Partial discharge live detection finds that a partial discharge signal exists in the transformer body, the part of a partial discharge source and the partial discharge type are analyzed according to the characteristics of the partial discharge signal, and if necessary, the fault type is further confirmed by combining the specific conditions of oil chromatography; the partial discharge live detection mainly confirms the existence of abnormality and fault location, and evaluates the intensity of abnormal signals; the local discharge on-line monitoring can pay attention to the development trend of the local discharge faults, signal mutation alarms and the like in real time.

1. Detecting in a charged manner; the internal partial discharge of the transformer body mainly comprises the partial discharge of the insulating paper board when wetted, the discharge of the floating potential, the discharge of the metallic foreign matters, the defect discharge of the insulating paper board, the arc discharge and the like.

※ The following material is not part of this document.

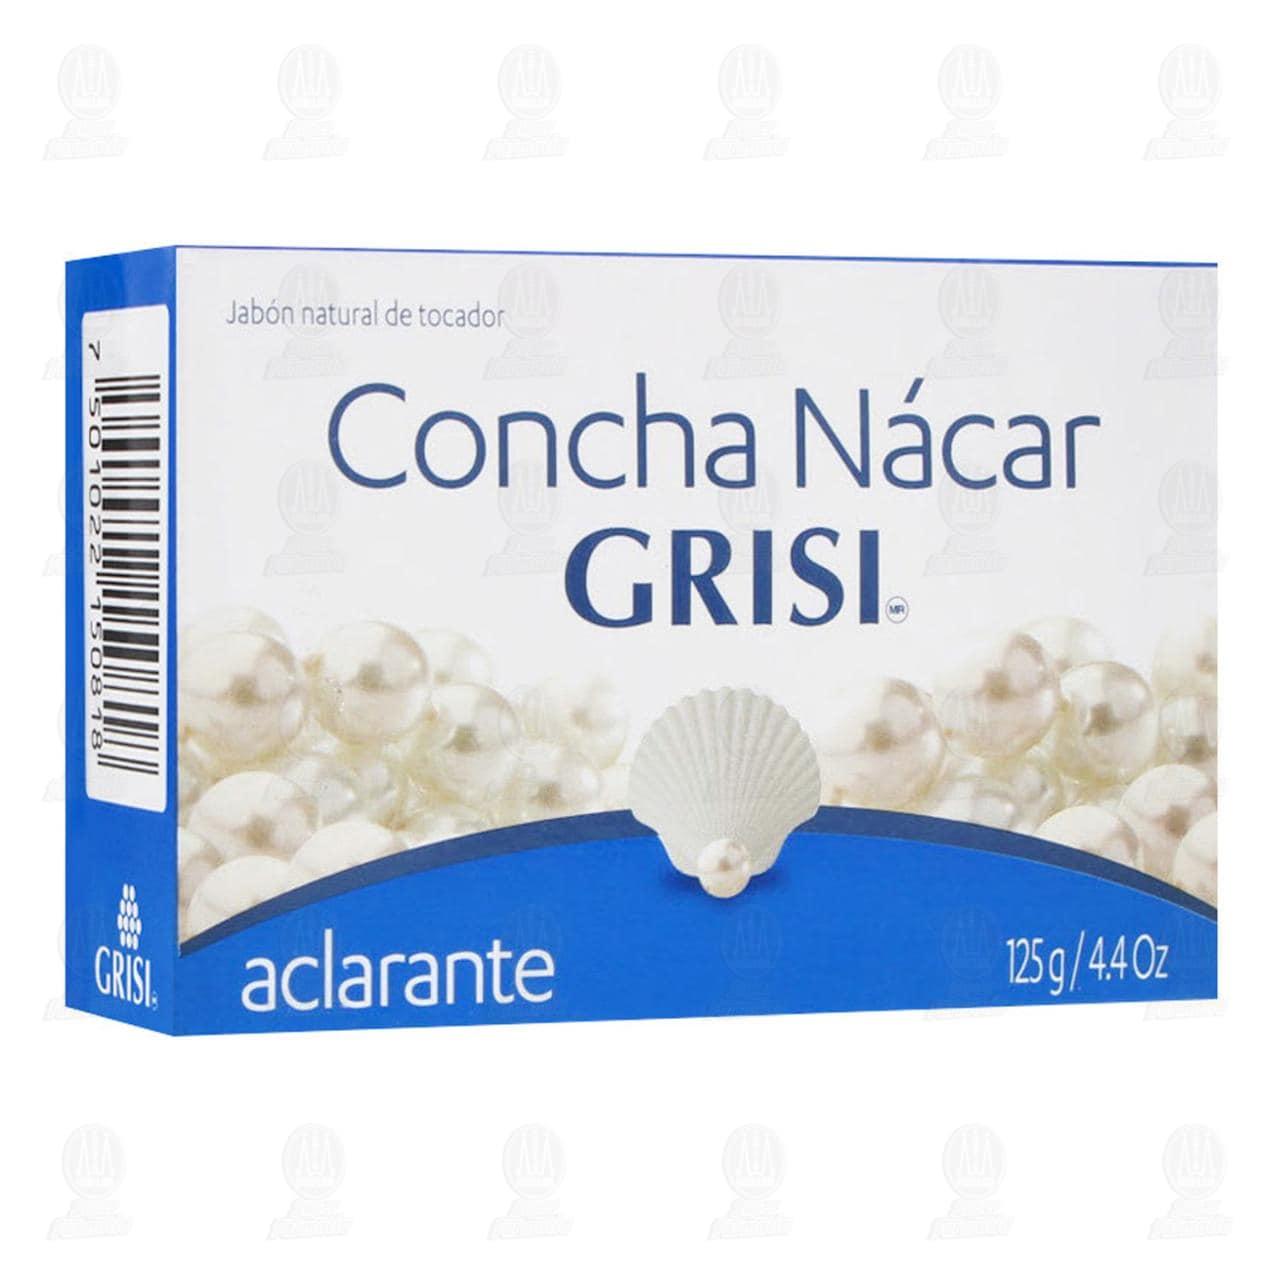 Comprar Jabón Concha Nácar Grisi, 125 gr. en Farmacias Guadalajara

The partial discharge gap between different types is larger: the partial discharge signal amplitude is low like the low partial discharge energy before the insulation paperboard is wetted; the general suspension potential discharge energy is high, and the signal amplitude is high; breakdown or creeping discharge of the insulating paper board causes irregular discharge time and extremely high hazard; the arc discharge energy is high, and large equipment accidents are easily caused; regardless of the type of discharge, once live detection confirms that there is a partial discharge anomaly in the device, the device should account for serious and above drawbacks and schedule processing in time.

The equipment finds out two development directions after the partial discharge abnormality, namely the partial discharge abnormality is gradually stabilized and gradually disappeared after a period of time, and the partial discharge signal is stably present and gradually enhanced, and even the conditions of mutation and deterioration appear; no matter which direction is developed after the partial discharge occurs, the chromatographic data change, the infrared detection condition and the periodic partial discharge signal intensity change of transformer oil need to be concerned, and the conditions are provided with the sudden change of the partial discharge on-line monitoring early warning partial discharge signal.

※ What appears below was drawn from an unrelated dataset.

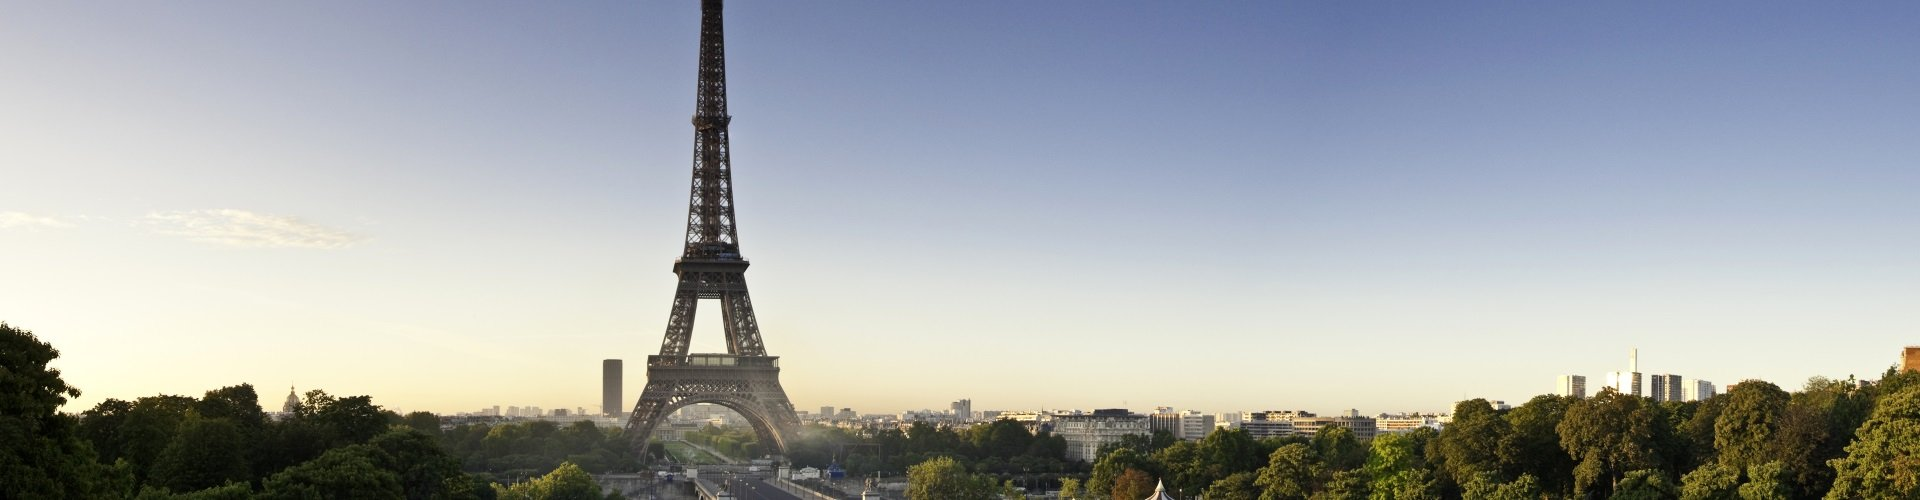 Familienurlaub in Frankreich

2. On-line monitoring; for the transformer with the installed partial discharge on-line monitoring, starting the partial discharge live detection and research judgment when on-line monitoring alarm occurs. For a transformer with abnormal detection and judgment, online monitoring is mainly monitoring of the trend of partial discharge signals; and when the partial discharge signal has abnormal mutation and meets the early warning strategy, the evaluation parameters such as the linkage oil chromatograph, the grounding current of the iron core clamping piece and the like are used for confirming the deterioration trend of the partial discharge abnormality and giving early warning for the state drop of the transformer.

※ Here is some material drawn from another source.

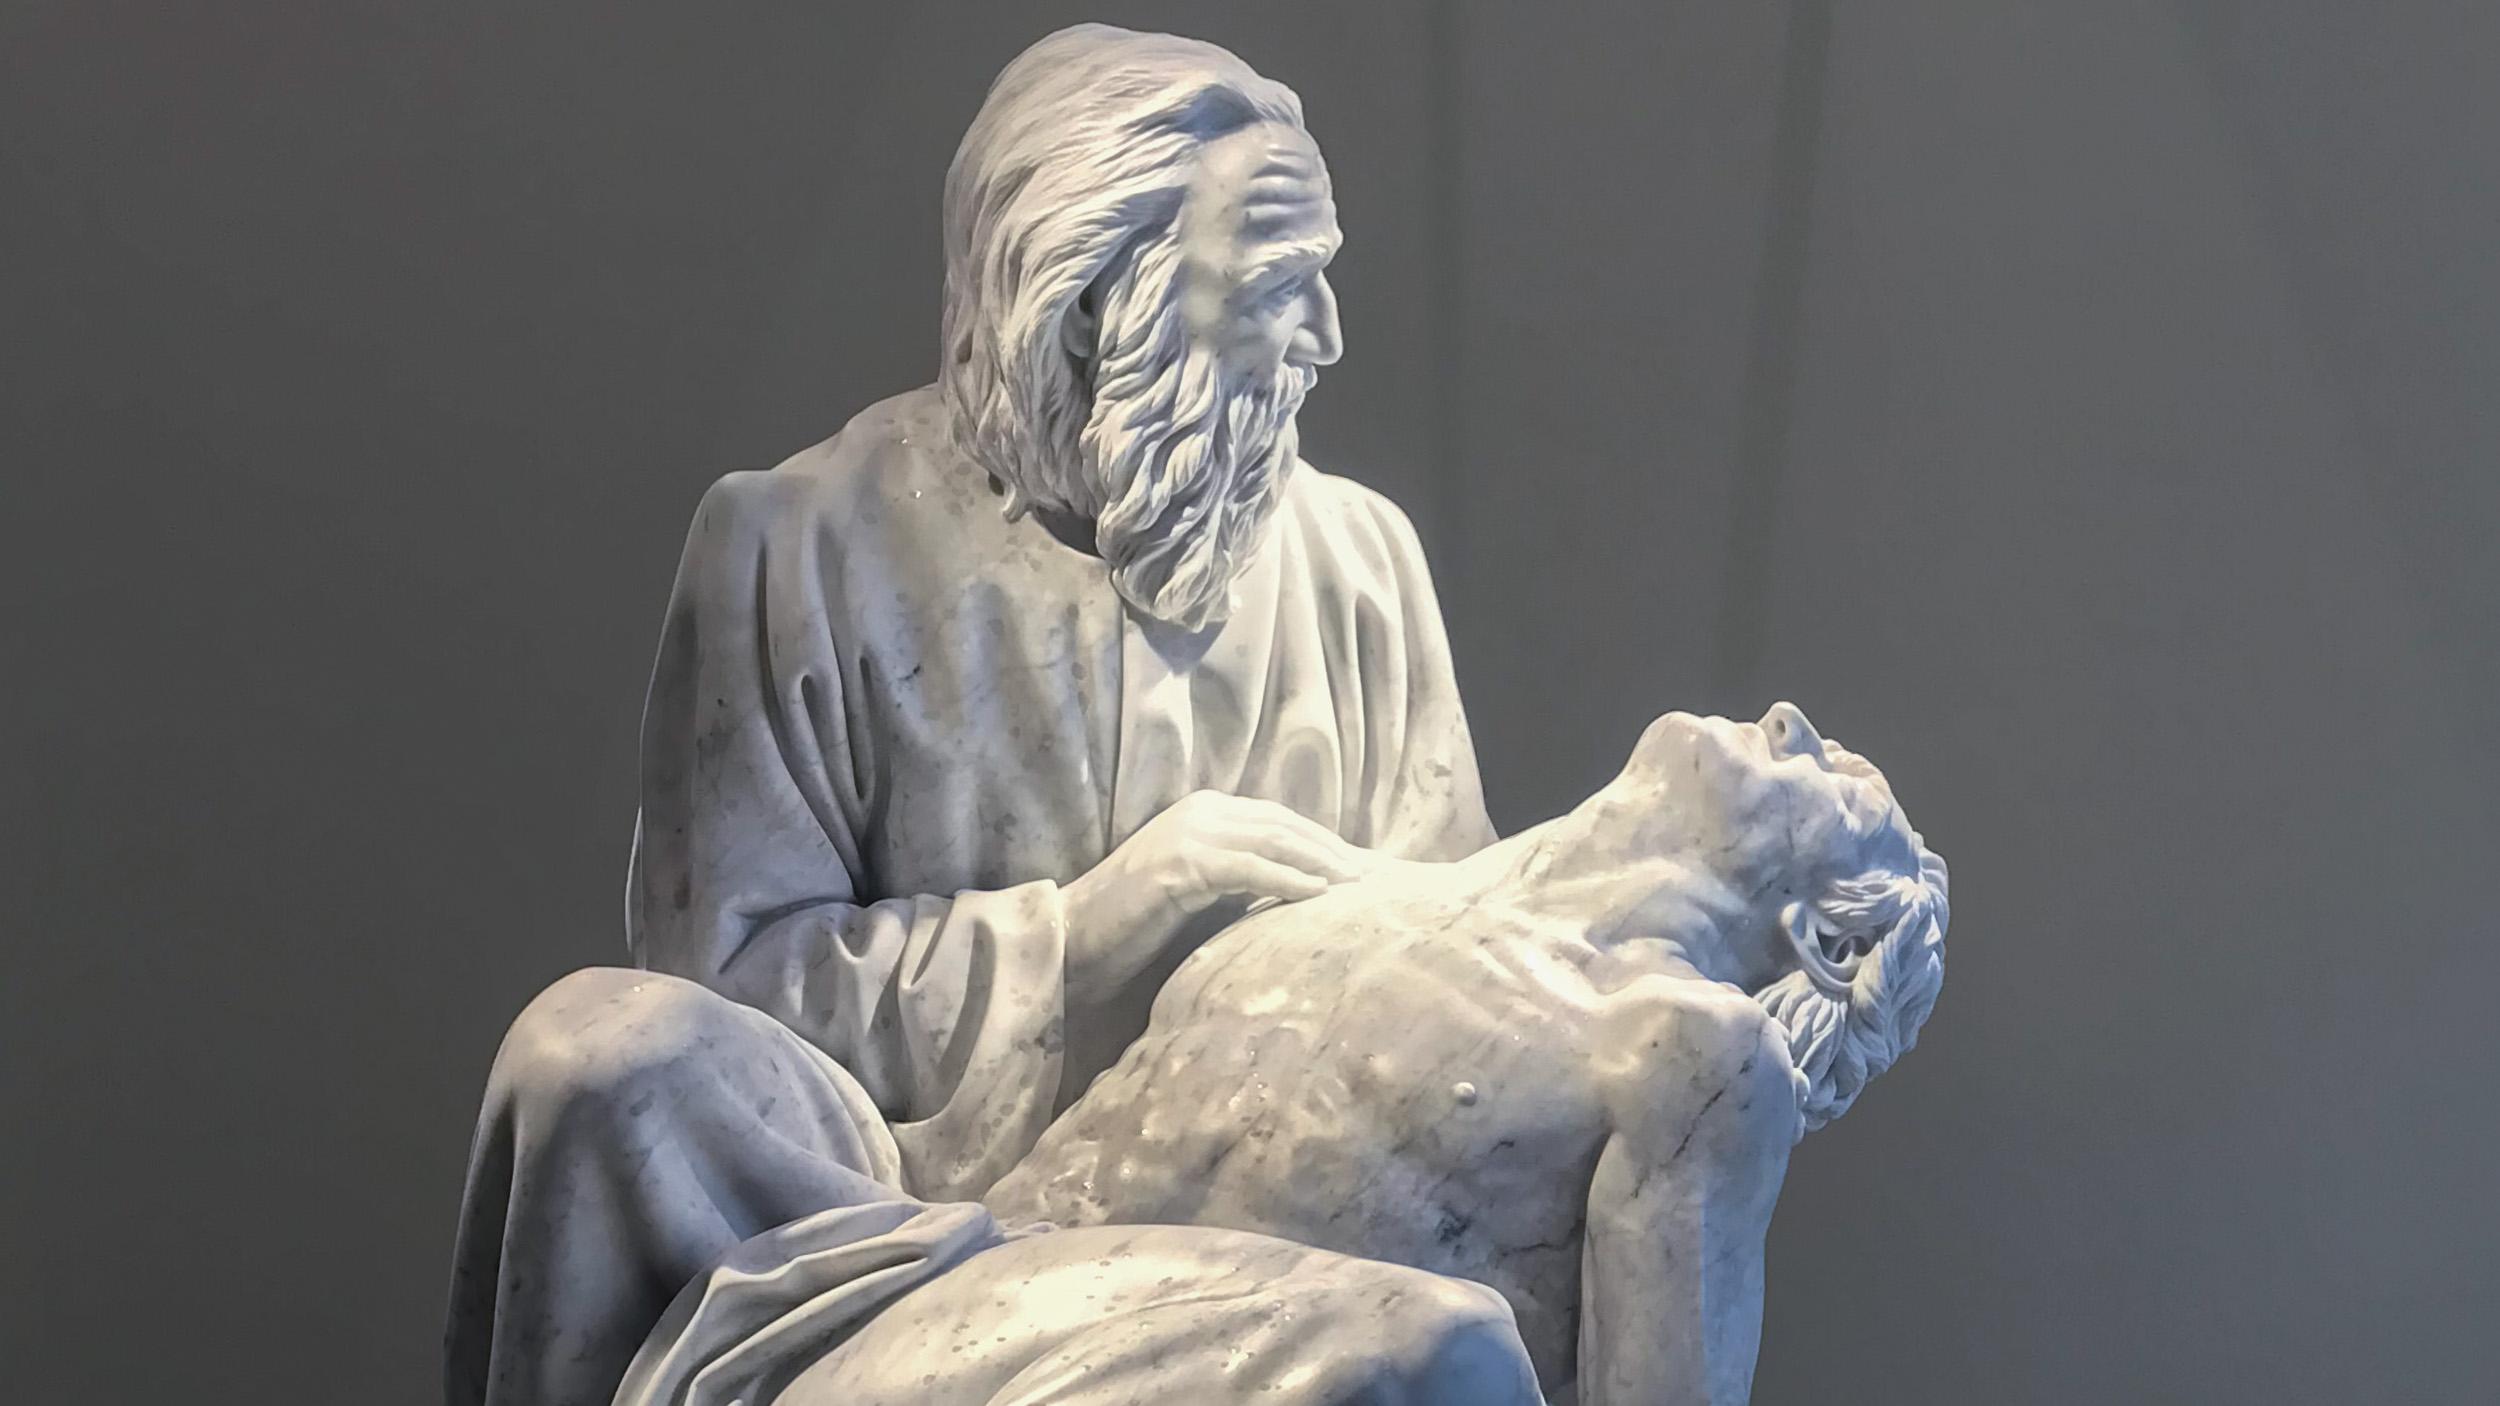 Official unveiling of Good Samaritan Sculpture at Saint Luke's Marion Bloch Neuro Science Building

(IV) iron core clamping piece grounding current

When the transformer normally operates, the grounding current of the iron core clamping piece is determined by the capacitance effect between the winding and the iron core clamping piece and the winding operating voltage; the system voltage is maintained at a steady level and the core clamp ground current will be maintained at a steady value as long as the structure and insulation between the transformer windings and the core clamp is stable. The monitoring of the grounding current of the clamping piece of the extra-high voltage transformer iron core is divided into the monitoring of power frequency components and the monitoring of high frequency components; the change of the power frequency grounding current is mainly caused by factors such as multipoint grounding of the iron core clamping piece, insulation failure of the iron core and the clamping piece and the like; the change of the high-frequency component is mainly caused by partial discharge generated inside the transformer body; the high frequency component is also changed by the tip and suspension discharge of the connection parts such as the outgoing line wire of the transformer, the hardware fitting and the like, but the interference generally exists stably for a long time.

Based on the fault research and judgment of the grounding current of the transformer core clamp, the transverse and longitudinal comparison strategies of the grounding current are mainly adopted.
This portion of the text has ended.